SOURCE DATA section start

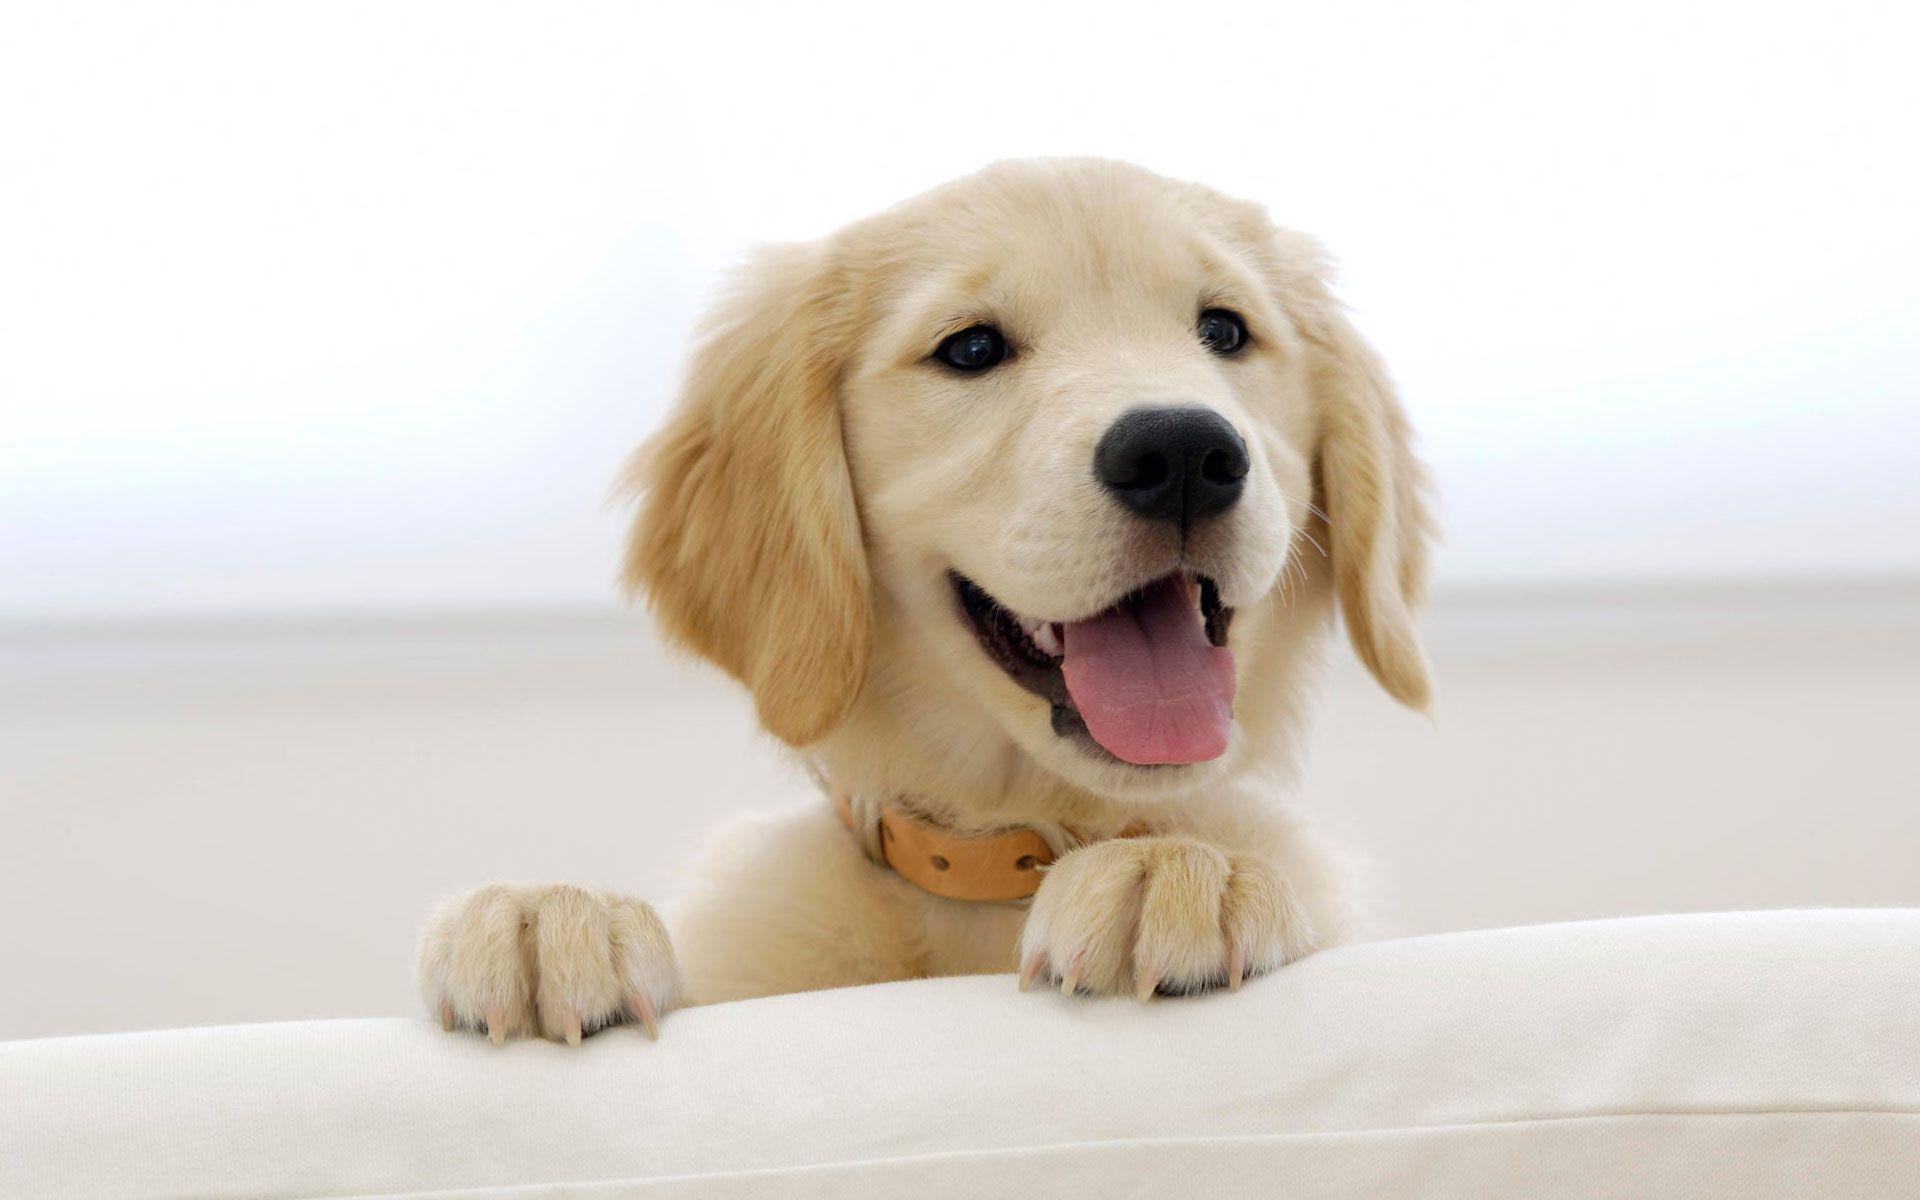 Cute puppy 4k wallpaper cute puppy 4k wallpaper For your desktop
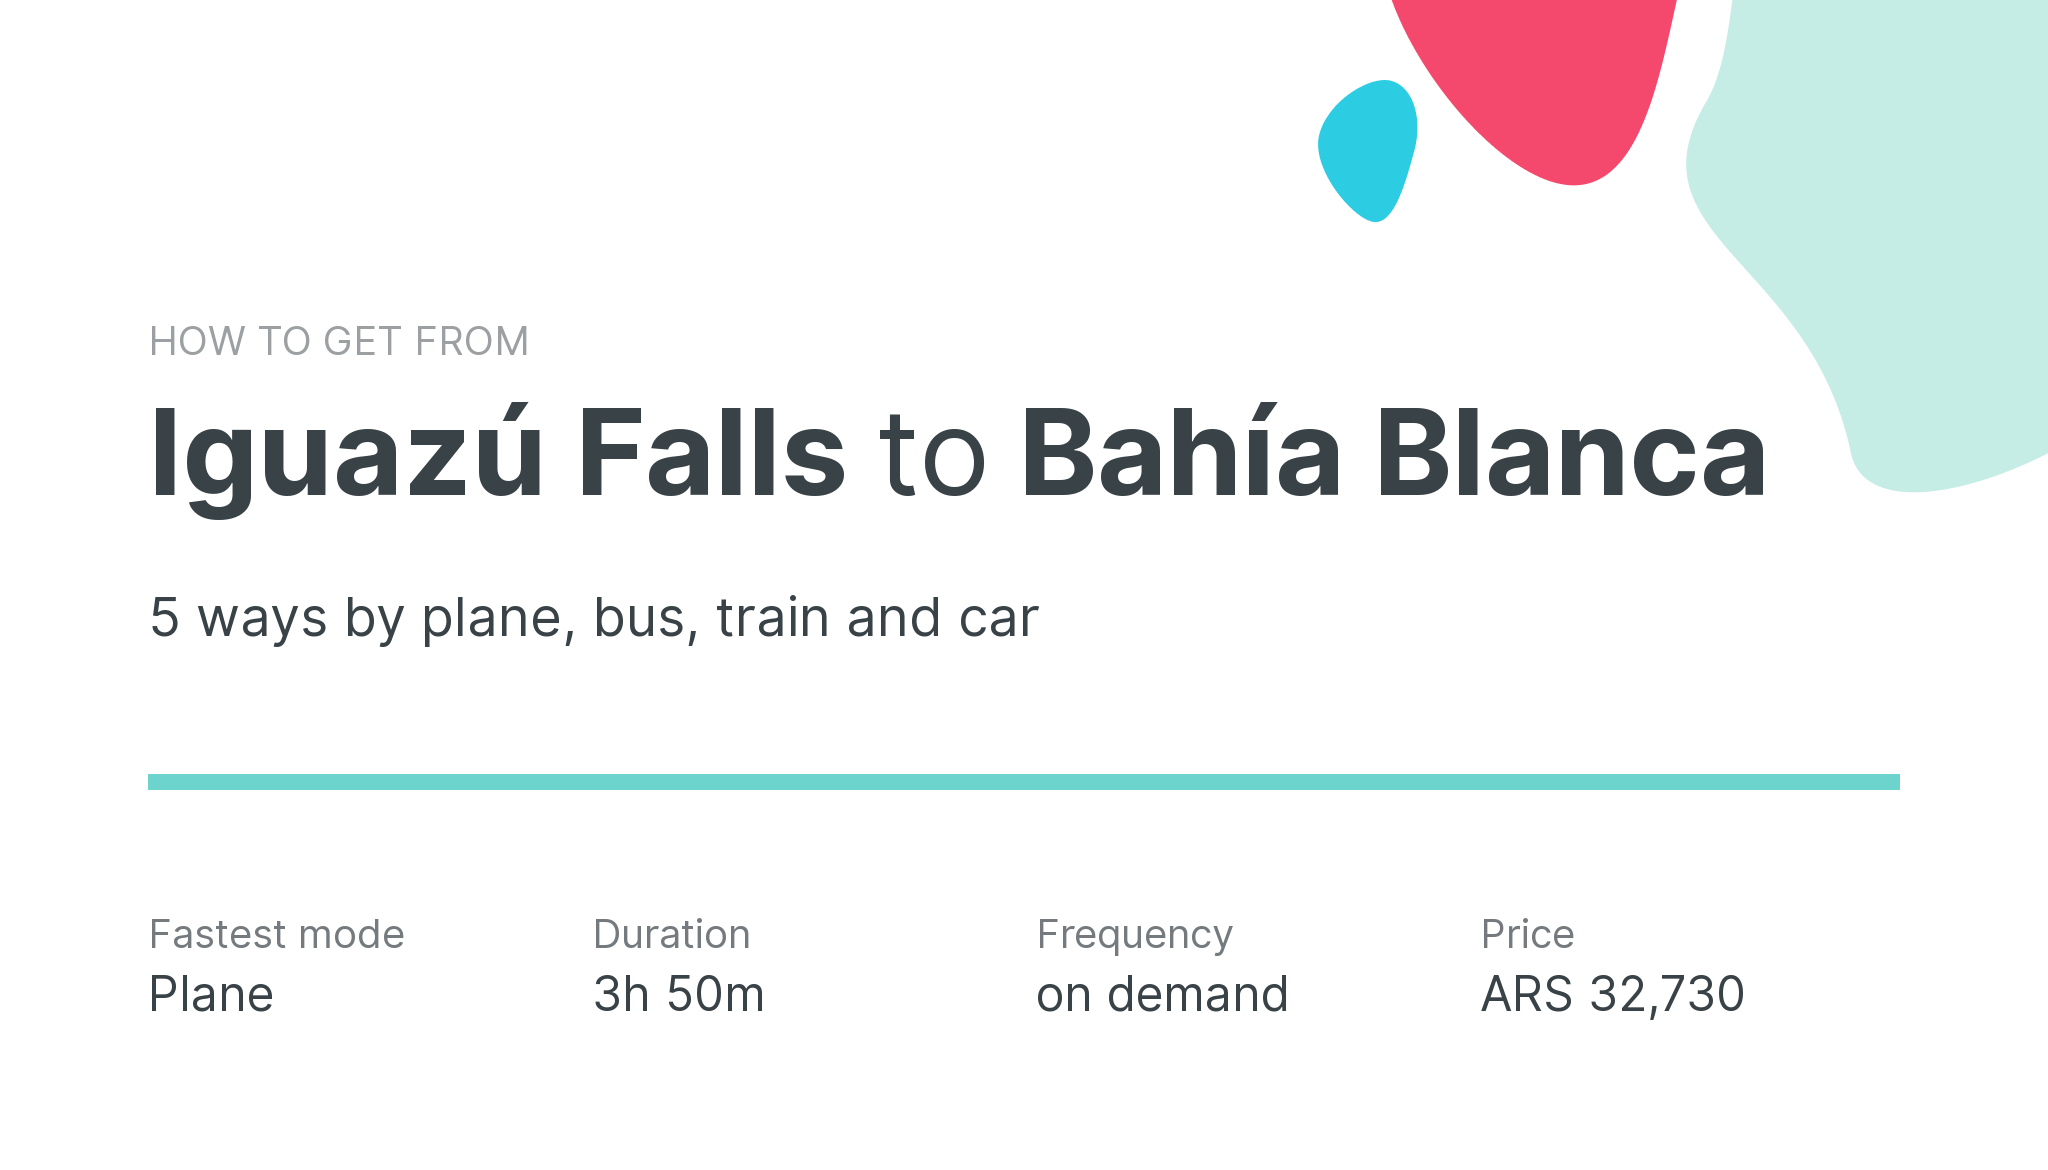 How do I get from Iguazú Falls to Bahía Blanca
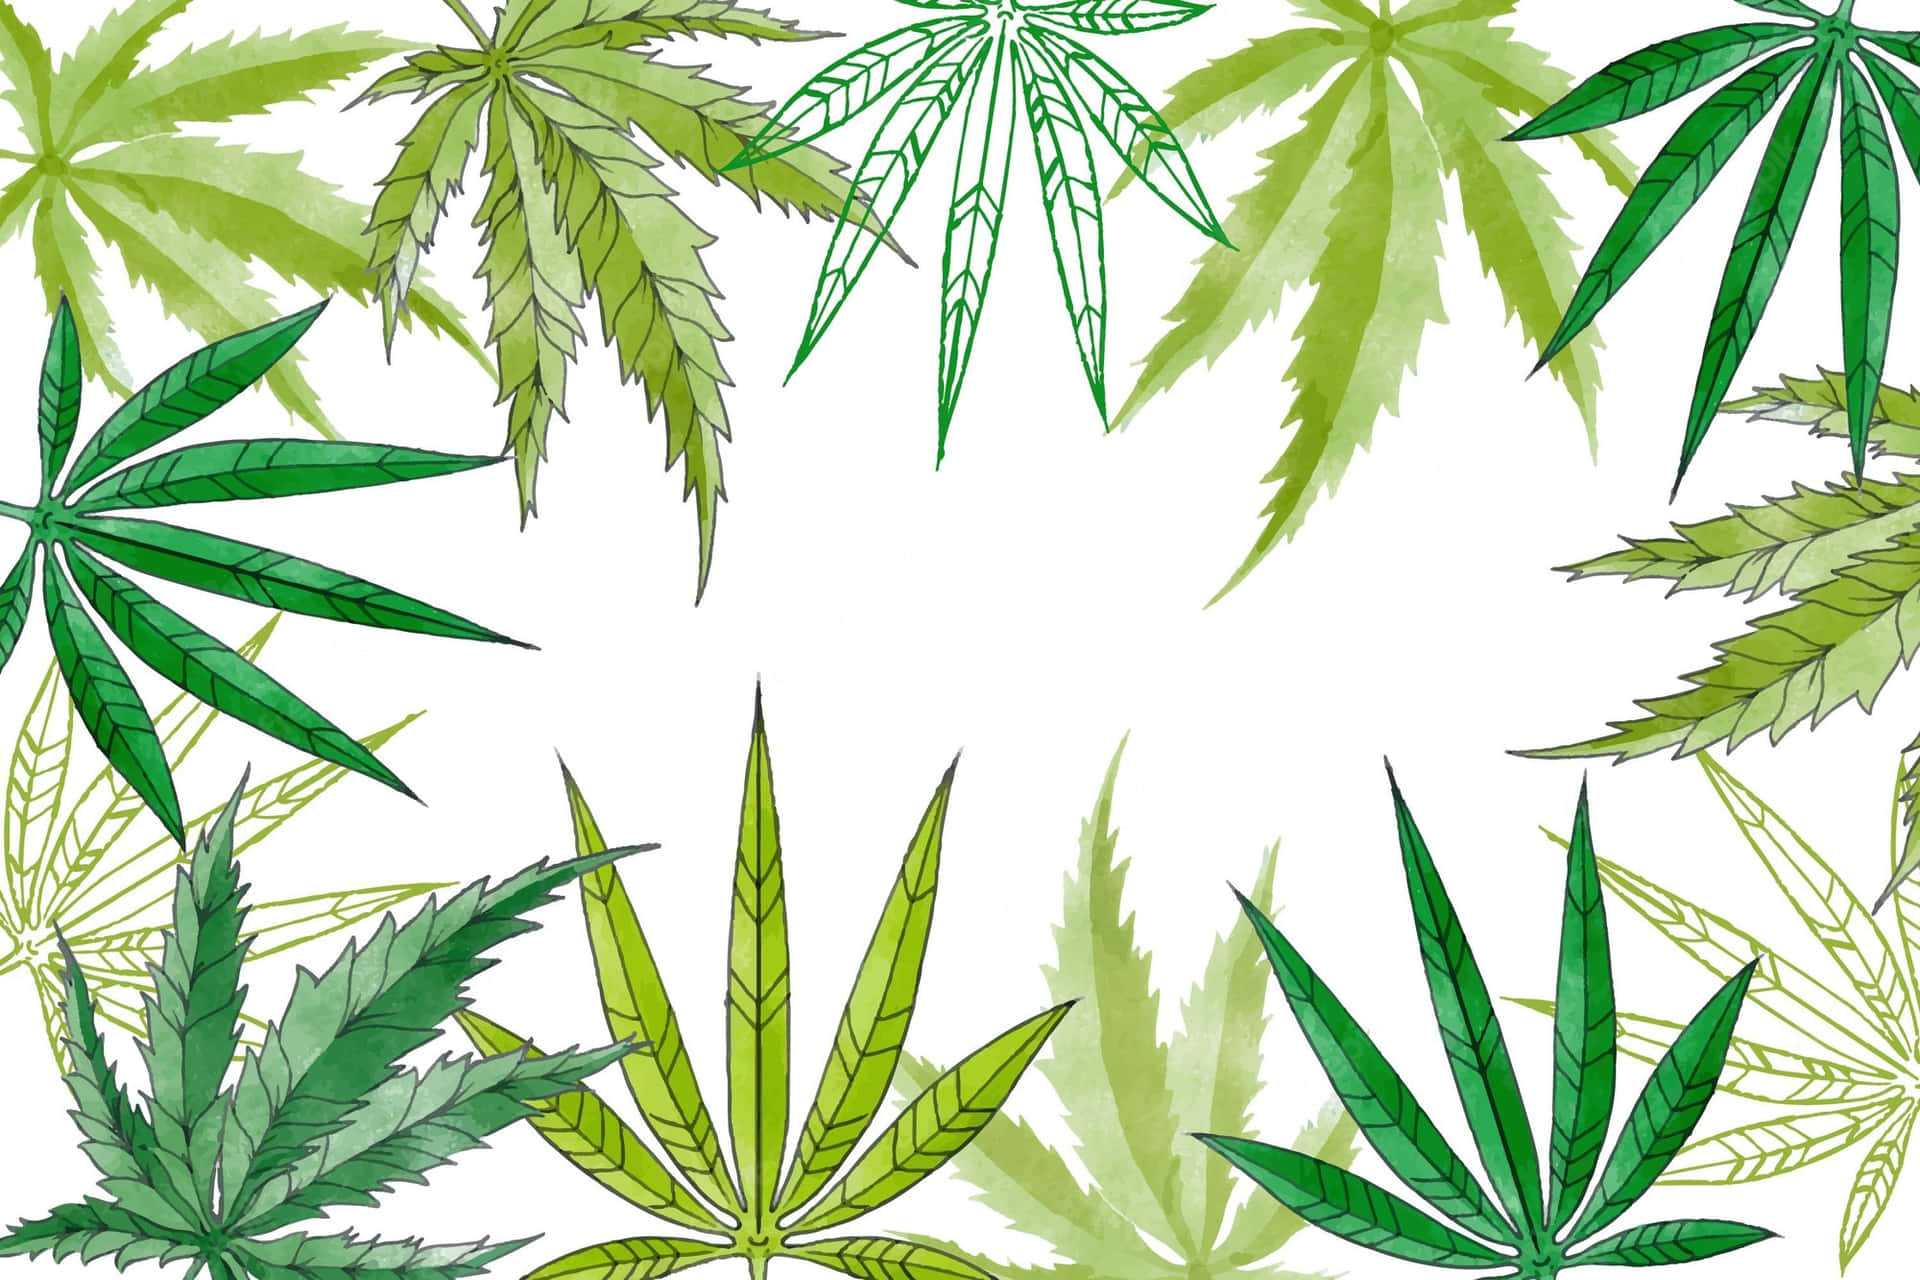 Marcoformado Por Una Hoja De Cannabis Fondo de pantalla
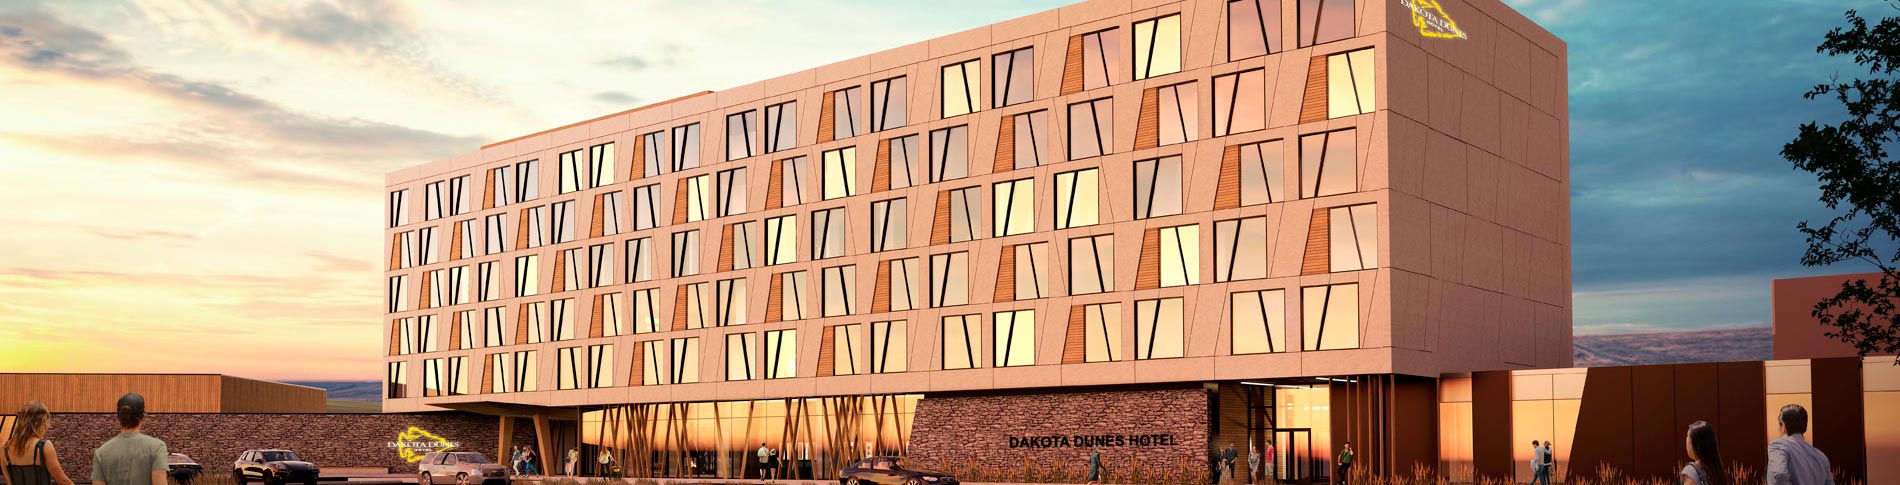 Dakota Dunes Resort & Casino

SOURCE DATA section end

WHAT YOU ARE ASKED TO DO -
Word for word, print all of the data; skip the pictures.

ANSWER TO THE PROBLEM -
 Cute puppy 4k wallpaper cute puppy 4k wallpaper For your desktop
 How do I get from Iguazú Falls to Bahía Blanca
 Marcoformado Por Una Hoja De Cannabis Fondo de pantalla
 Dakota Dunes Resort & Casino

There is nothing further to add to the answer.